Advanced analytics only help solidify Paul's top-three MVP status. He finished the year ranking third in PER (26.4) and in win shares (13.9), trailing only LeBron James and Kevin Durant in both measures.
He'll likely get dinged for playing a career-low 33.4 minutes per game, but anyone who watched the Paul-less Clippers in January knows that his teammates ran around like chickens with their heads cut off when he wasn't on the court. Anthony had a phenomenal season in his own right, but CP3 deserves the nod over Melo as the third-place finisher in the MVP race.
Odds of winning MVP: 0.5 percent
Last week's ranking: 2
I can't help but feel sorry for Kevin Durant.
He just finished the most impressive season of his five-year career, becoming only the eighth player in NBA history to shoot at least 50 percent from the field, 40 percent from three-point range and 90 percent from the free-throw line.
And yet, he's still no match for LeBron James in the MVP race.
Until Carmelo Anthony stole the scoring lead from Durant on April 7, K.D. was poised to become the first player in NBA history to ever lead the league in scoring while posting 50/40/90 shooting percentages. That first-ever claim could have given voters a semi-reasonable case to place Durant ahead of James on their MVP ballots.
Instead, Durant's list of second-place finishes only grew longer this season. He finished second to Anthony in per-game scoring and finished second to James in both win shares (18.9) and PER (28.3).
Durant deserves recognition from MVP voters for what he did this season. After losing a vital cog (James Harden) to a trade only days before the start of the season, Durant expanded his offensive repertoire and helped guide the Oklahoma City Thunder to the best record in the Western Conference.
Unfortunately, James' majestic play since February overshadows what Durant accomplished. He's the favorite to finish as the MVP runner-up, and could even steal a first-place vote or two, but he's not going to surpass LeBron.

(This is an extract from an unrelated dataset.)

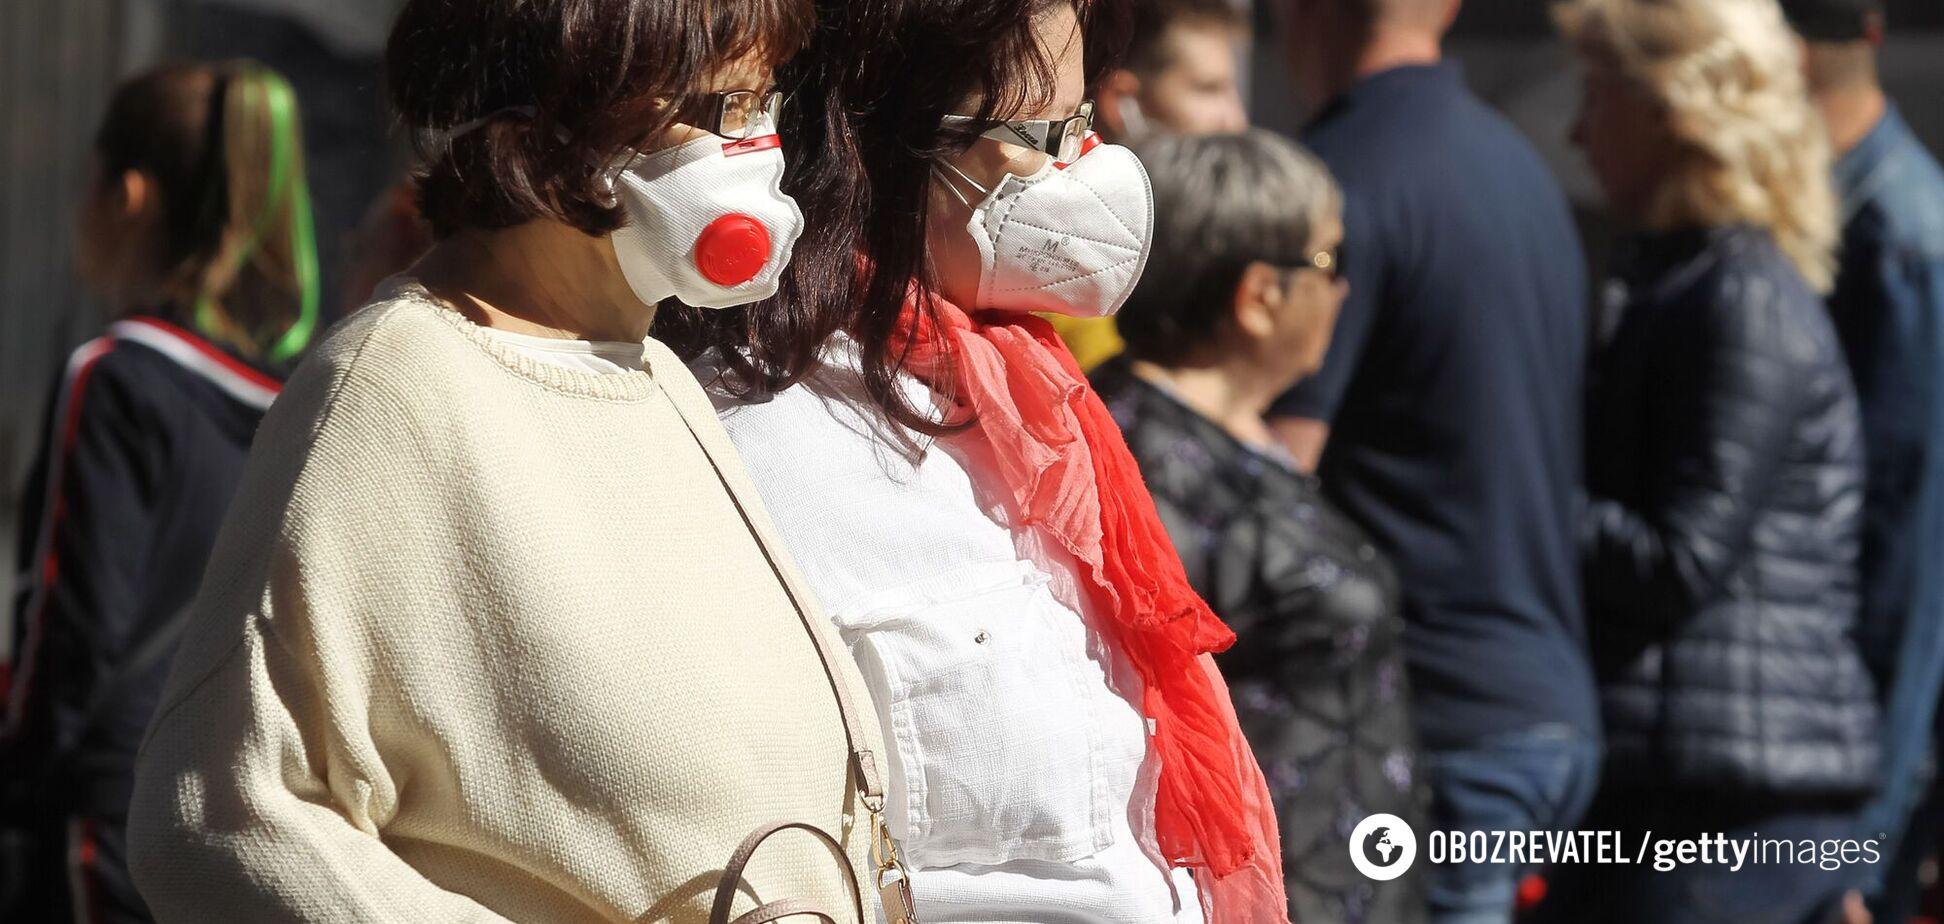 Пандемія коронавірусу: як відрізняється поведінка людей в Україні та Канаді

Odds of winning MVP: 1.5 percent
Last week's ranking: 1
For the first three months of the 2012-13 season, the MVP race was shaping up to be a closely-contested, neck-and-neck battle between LeBron James and Kevin Durant.
Then, February happened. LeBron became the first player in NBA history to score at least 30 points in six straight games while shooting 60 percent from the field or better, which helped ignite the second-longest winning streak (27 games) in league history.
Just like that, the suspense in the MVP race was over. James' dominance in February—a month where he posted per-game averages of 29.7 points, 7.8 assists and 7.5 rebounds while shooting 64.1 percent overall—effectively ended the debate as to who would be named MVP this season.
At this point, the only question is whether James becomes the first player in NBA history to win the MVP award unanimously. Will all 123 voters recognize his dominance over the field, or will one or two decide to be contrarian with their vote for the sake of being contrarian?
James should be at the top of every MVP voter's ballot. There's no argument against him. No player in NBA history had ever posted season averages of at least 26 points, eight rebounds and seven assists per game while shooting at least 55 percent from the field until James did this year.
He led the Miami Heat to the best record in the league, posted the most efficient shooting season of his career and has been so exceptional defensively that he has an outside shot at being named the Defensive Player of the Year.
No player posted a more complete, dominant season in 2012-13 than LeBron James. Whoever leaves him off the top of their 2013 MVP ballot clearly missed out on one of the greatest single-season performances in NBA history.